Василенко нехотя остановился и поднял голову. Это оказался новобранец – Косминов Игорь. Евгений узнал его по баяну в руках. Среди новобранцев он был своим музыкантом. Игорь стукнул по инструменту:
– Я вот тоже играю, – улыбнулся он и сел рядом.
– Здорово, – поприветствовал его в ответ Василенко.
Он был не очень рад визиту Косминова. Чужая музыка отвлекает. К тому же, баян громкий инструмент. Но боец не стал ничего говорить и решил продолжить наигрывать «В землянке». Авось, гость отстанет. Но Игорь не понимал намёков. Он немного помолчал, прислушиваясь к мелодии, а потом опять легонько хлопнул по корпусу инструмента:
– «В землянке» брынчишь?
– Брынчу, – почти сквозь зубы проговорил Евгений.
– Я тоже её знаю, – взял покрепче баян Косминов.

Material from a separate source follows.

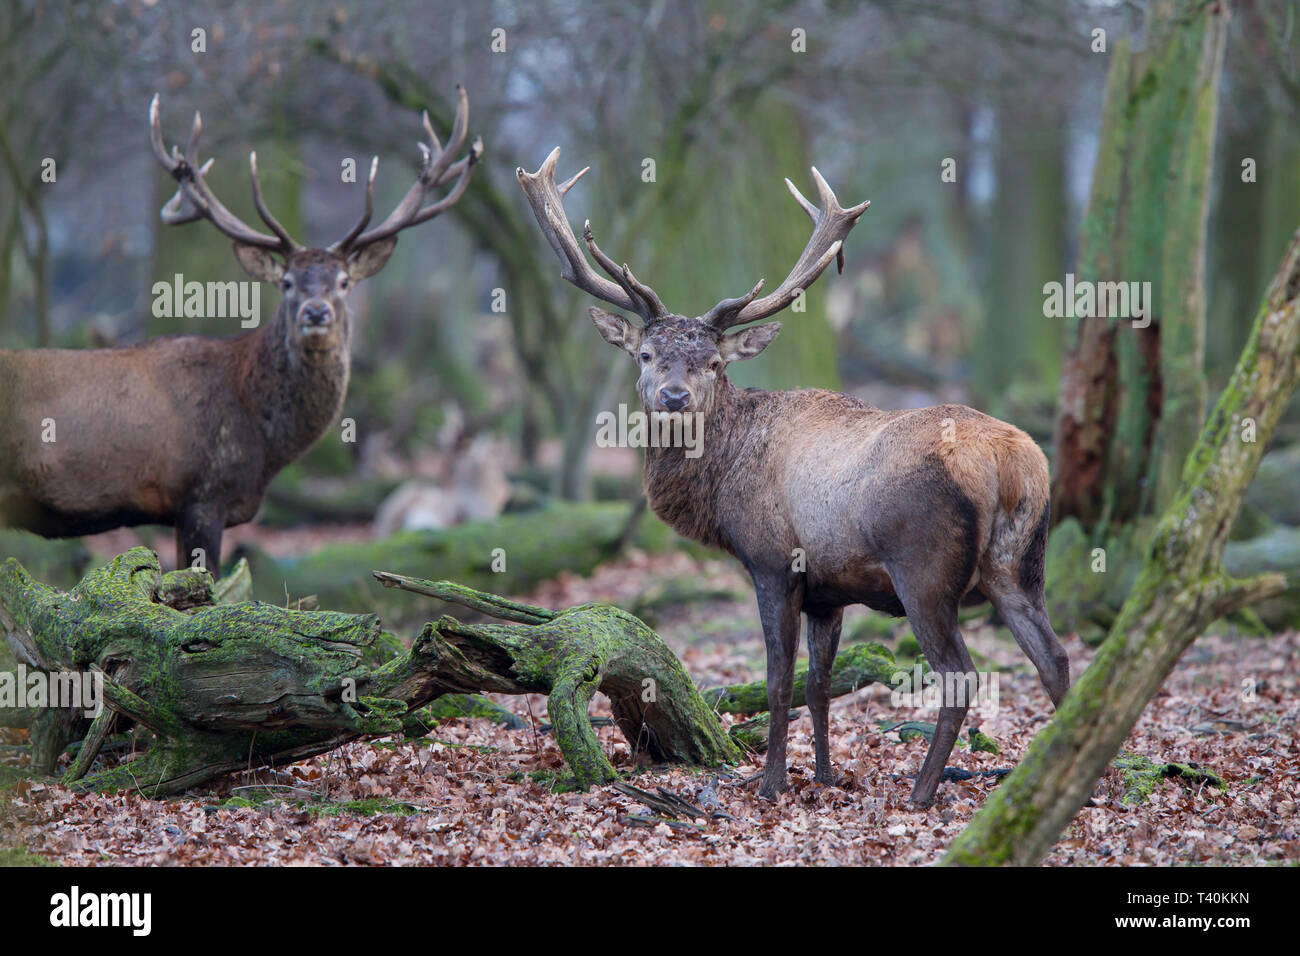 Rothirsch - Maennchen, Cervus elaphus, red deer - male Stock Photo

«Замечательно», – подумал про себя Василенко. Он не знал куда ему деться от настойчивого гостя. Игорь либо решил докопаться, либо серьёзно хотел подружиться. Познакомиться с новобранцами за всё это время у Евгения почти не было возможности. Командир отправлял то в окопы, то дежурить… В общем и целом, не получилось обзавестись крепкими товарищескими узами. И вот сейчас, когда ему удалось добраться до гитары, к нему пристали. И отставать не собирались:
– Ну, я к тебе тоже тогда пристроюсь, – решил Игорь и сыграл несколько вступительных аккордов.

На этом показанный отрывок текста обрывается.